Jason M. Bacha, Lynda C. Aririguzo, Veronica Mng’ong’o, Beatrice Malingoti, Richard S. Wanless, Katherine Ngo, Liane R. Campbell, Gordon E. Schutze

Abstract

As countries scale up antiretroviral therapy (ART) for children, innovative strategies to deliver quality services to children are needed. Differentiated ART delivery models have been successful in adults, but no such program has been described in children. We describe the Standardized Pediatric Expedited Encounters for ART Drugs Initiative (SPEEDI). Descriptive analysis of patients eligible for SPEEDI was done via retrospective review of children, adolescents, and young adults on ART at the Baylor Centre of Excellence (COE) in Mbeya, Tanzania between January 2013 and December 2015. Eligibility for SPEEDI visits included the following: stable children, adolescents, and young adults on ART for approximately 3 months or longer, no medical or social complications, good adherence to ART, and presence of reliable caregiver. During a SPEEDI visit, patients were fast tracked in triage to collect medications directly without physically seeing a clinician. SPEEDI patients came to clinic every two months, and alternated SPEEDI visits with standard visits. Baseline characteristics, mortality, and lost-to-follow up rates of SPEEDI patients were analyzed. One thousand one hundred sixty-four patients utilized SPEEDI, totaling 3493 SPEEDI visits. SPEEDI reached 51.3% (1164/2269) of pediatric ART patients, accounting for 7.7% (3493/44489) of total patient encounters. SPEEDI patients were 52% (605/1164) female, median age of 11.7 years (range 1.2-25.5 yr), median time on ART of 21 months (range 4-130 months) and 83.5% (964/1155) categorized as no or mild HIV-associated immunodeficiency. SPEEDI patients had good outcomes (98.8%), low LTFU (0.1%) and low mortality rates (0.61 deaths per 100 patient-years).

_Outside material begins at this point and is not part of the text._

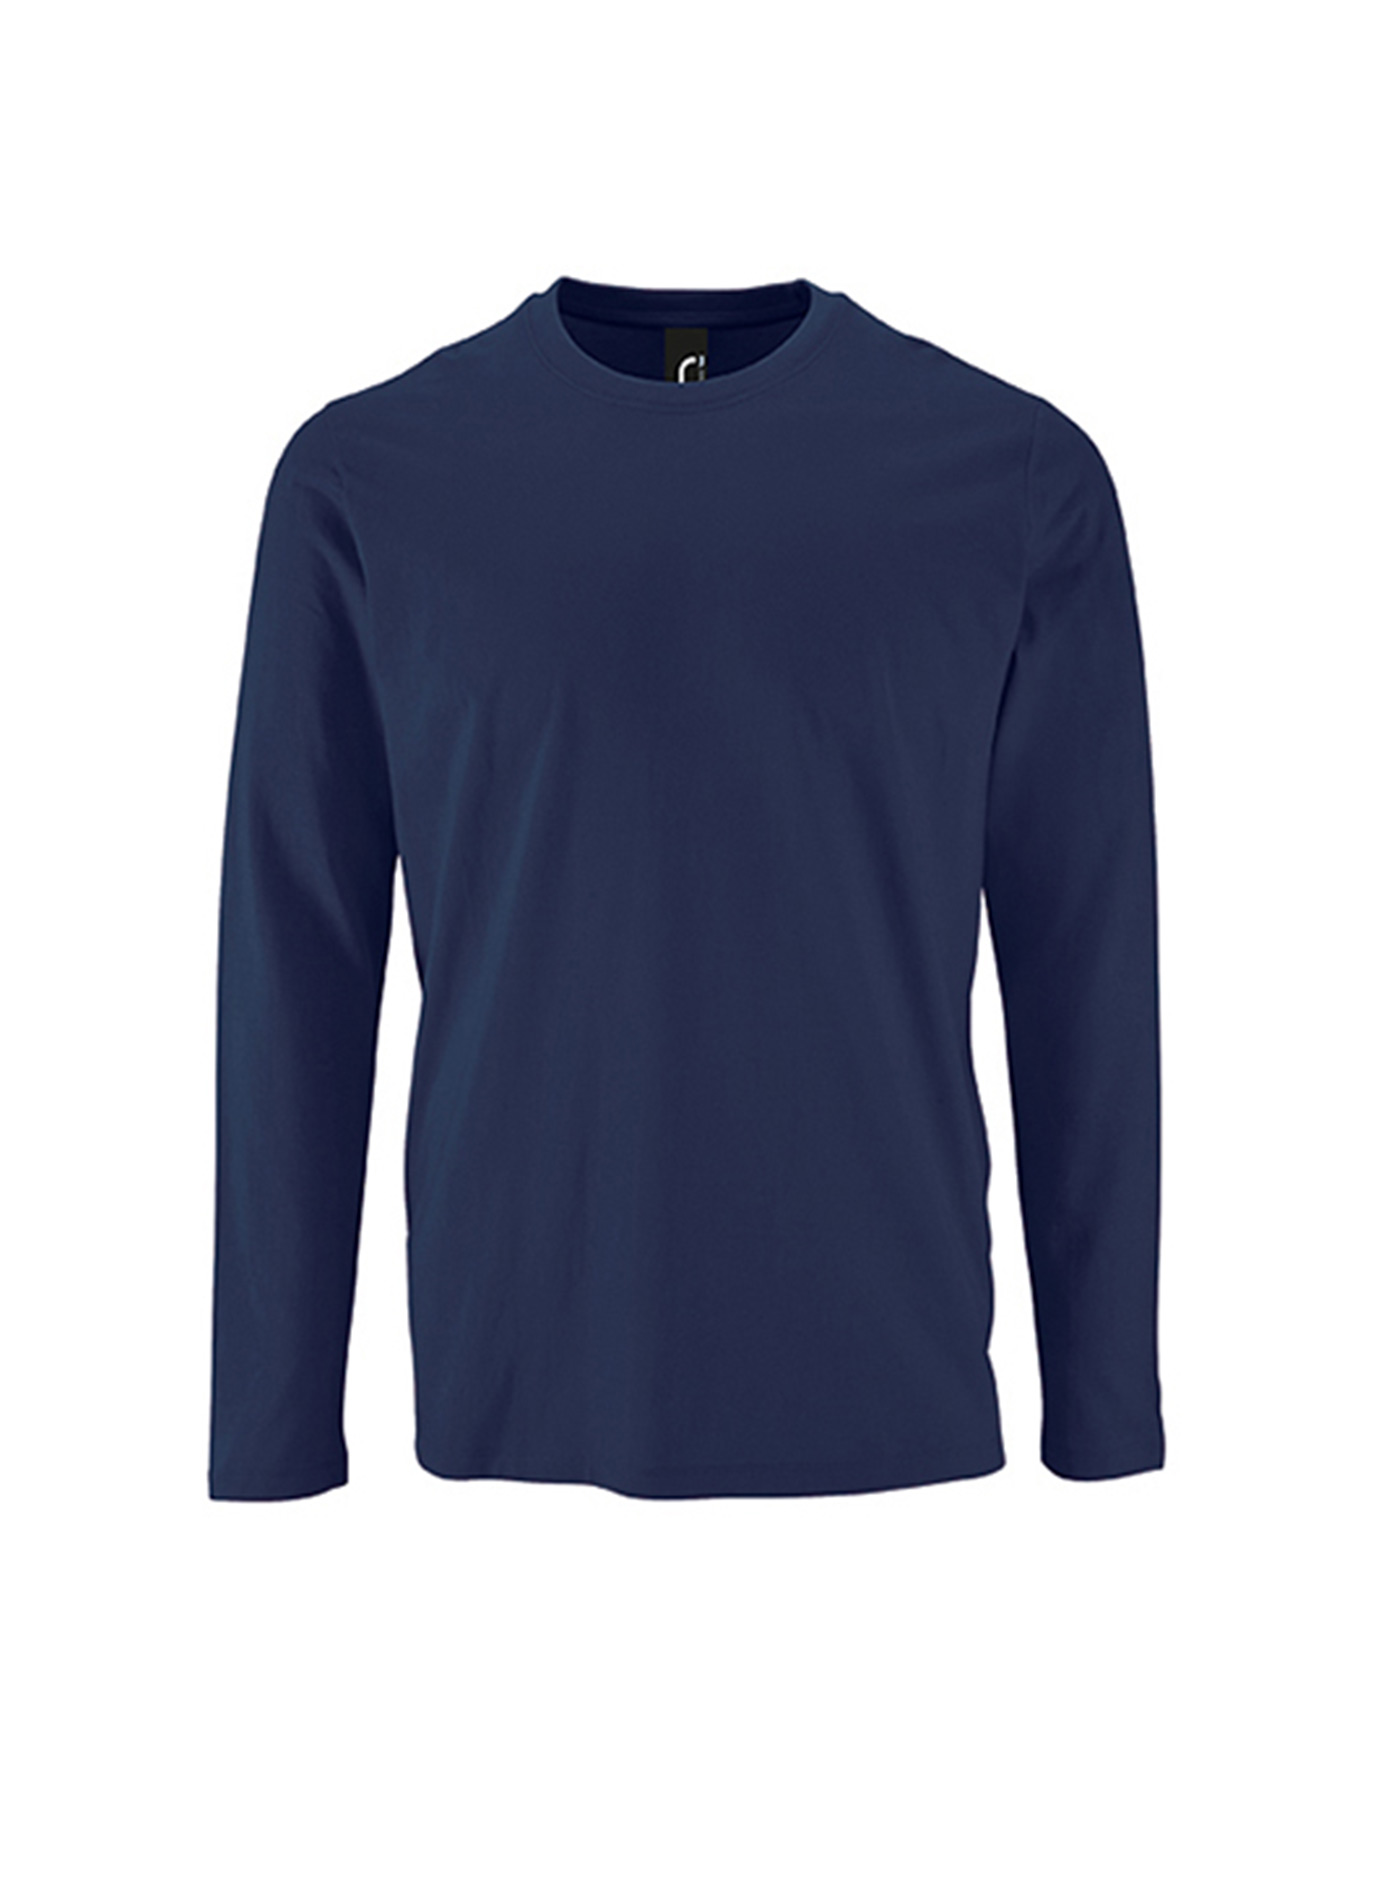 Pánské tričko s dlouhým rukávem SOL´S Imperial - Námořnická modrá XS

SPEEDI was an effective model for delivering ART to children, adolescents, and young adults in our setting, leading to good clinical outcomes, low mortality, and low LTFU. The SPEEDI program safely and effectively expedited and spaced out ART visits for children, adolescents, and young adults, and can serve as an adaptable ART delivery model for other resource limited settings.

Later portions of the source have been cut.